WORK REQUIRED –
Only one stretch of the data is wanted: the line containing "アニメキャラの魅力 スーツスタイルのイケメン不良コック サンジ", the line containing "Narzuta Morocco czerwona 220 x 240 cm", and every line between them, copied exactly.

Stored dataset items –
□ □ □

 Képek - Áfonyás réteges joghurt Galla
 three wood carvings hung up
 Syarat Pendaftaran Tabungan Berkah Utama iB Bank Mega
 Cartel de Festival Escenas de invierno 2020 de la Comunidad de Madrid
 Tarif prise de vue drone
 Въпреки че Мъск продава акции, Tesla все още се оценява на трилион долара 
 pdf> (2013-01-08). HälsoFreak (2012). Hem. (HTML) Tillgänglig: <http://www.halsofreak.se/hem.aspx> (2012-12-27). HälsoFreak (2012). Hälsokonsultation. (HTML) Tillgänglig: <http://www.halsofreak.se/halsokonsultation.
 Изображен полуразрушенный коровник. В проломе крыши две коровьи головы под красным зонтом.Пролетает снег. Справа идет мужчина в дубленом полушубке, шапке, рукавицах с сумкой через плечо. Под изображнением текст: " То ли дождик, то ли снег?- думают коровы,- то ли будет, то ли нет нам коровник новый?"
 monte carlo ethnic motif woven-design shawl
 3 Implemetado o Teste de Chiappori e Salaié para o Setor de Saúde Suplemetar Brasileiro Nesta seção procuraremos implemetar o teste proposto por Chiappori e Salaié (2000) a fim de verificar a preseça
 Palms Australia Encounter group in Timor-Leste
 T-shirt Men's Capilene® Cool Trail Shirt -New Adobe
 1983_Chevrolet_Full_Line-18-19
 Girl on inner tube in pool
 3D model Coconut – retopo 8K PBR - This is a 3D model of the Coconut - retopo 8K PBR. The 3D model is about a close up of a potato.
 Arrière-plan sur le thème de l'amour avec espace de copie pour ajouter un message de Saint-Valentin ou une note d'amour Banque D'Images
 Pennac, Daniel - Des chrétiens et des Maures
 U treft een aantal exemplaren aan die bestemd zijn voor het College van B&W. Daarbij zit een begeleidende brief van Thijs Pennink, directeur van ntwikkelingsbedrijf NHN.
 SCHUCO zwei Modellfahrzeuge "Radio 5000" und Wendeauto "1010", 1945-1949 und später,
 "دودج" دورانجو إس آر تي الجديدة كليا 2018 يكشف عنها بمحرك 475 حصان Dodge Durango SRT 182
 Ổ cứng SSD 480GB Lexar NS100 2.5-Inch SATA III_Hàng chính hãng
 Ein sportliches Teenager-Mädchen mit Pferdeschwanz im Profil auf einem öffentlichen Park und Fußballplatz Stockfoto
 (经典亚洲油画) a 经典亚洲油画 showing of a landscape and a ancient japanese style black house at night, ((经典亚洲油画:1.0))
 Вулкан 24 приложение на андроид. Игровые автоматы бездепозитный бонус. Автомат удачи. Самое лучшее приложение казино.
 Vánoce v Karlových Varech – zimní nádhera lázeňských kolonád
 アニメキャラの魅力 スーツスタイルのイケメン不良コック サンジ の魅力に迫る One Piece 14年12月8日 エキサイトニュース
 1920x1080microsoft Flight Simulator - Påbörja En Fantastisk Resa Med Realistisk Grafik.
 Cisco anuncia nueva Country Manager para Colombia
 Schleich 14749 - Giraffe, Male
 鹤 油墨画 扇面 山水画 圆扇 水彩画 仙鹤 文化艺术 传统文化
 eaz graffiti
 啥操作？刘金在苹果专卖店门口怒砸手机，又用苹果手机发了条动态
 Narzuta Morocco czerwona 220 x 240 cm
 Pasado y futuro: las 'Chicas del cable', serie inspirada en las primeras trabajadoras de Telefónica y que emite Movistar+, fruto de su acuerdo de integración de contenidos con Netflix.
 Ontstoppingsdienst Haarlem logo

□ □ □

EXERCISE SOLUTION –
 アニメキャラの魅力 スーツスタイルのイケメン不良コック サンジ の魅力に迫る One Piece 14年12月8日 エキサイトニュース
 1920x1080microsoft Flight Simulator - Påbörja En Fantastisk Resa Med Realistisk Grafik.
 Cisco anuncia nueva Country Manager para Colombia
 Schleich 14749 - Giraffe, Male
 鹤 油墨画 扇面 山水画 圆扇 水彩画 仙鹤 文化艺术 传统文化
 eaz graffiti
 啥操作？刘金在苹果专卖店门口怒砸手机，又用苹果手机发了条动态
 Narzuta Morocco czerwona 220 x 240 cm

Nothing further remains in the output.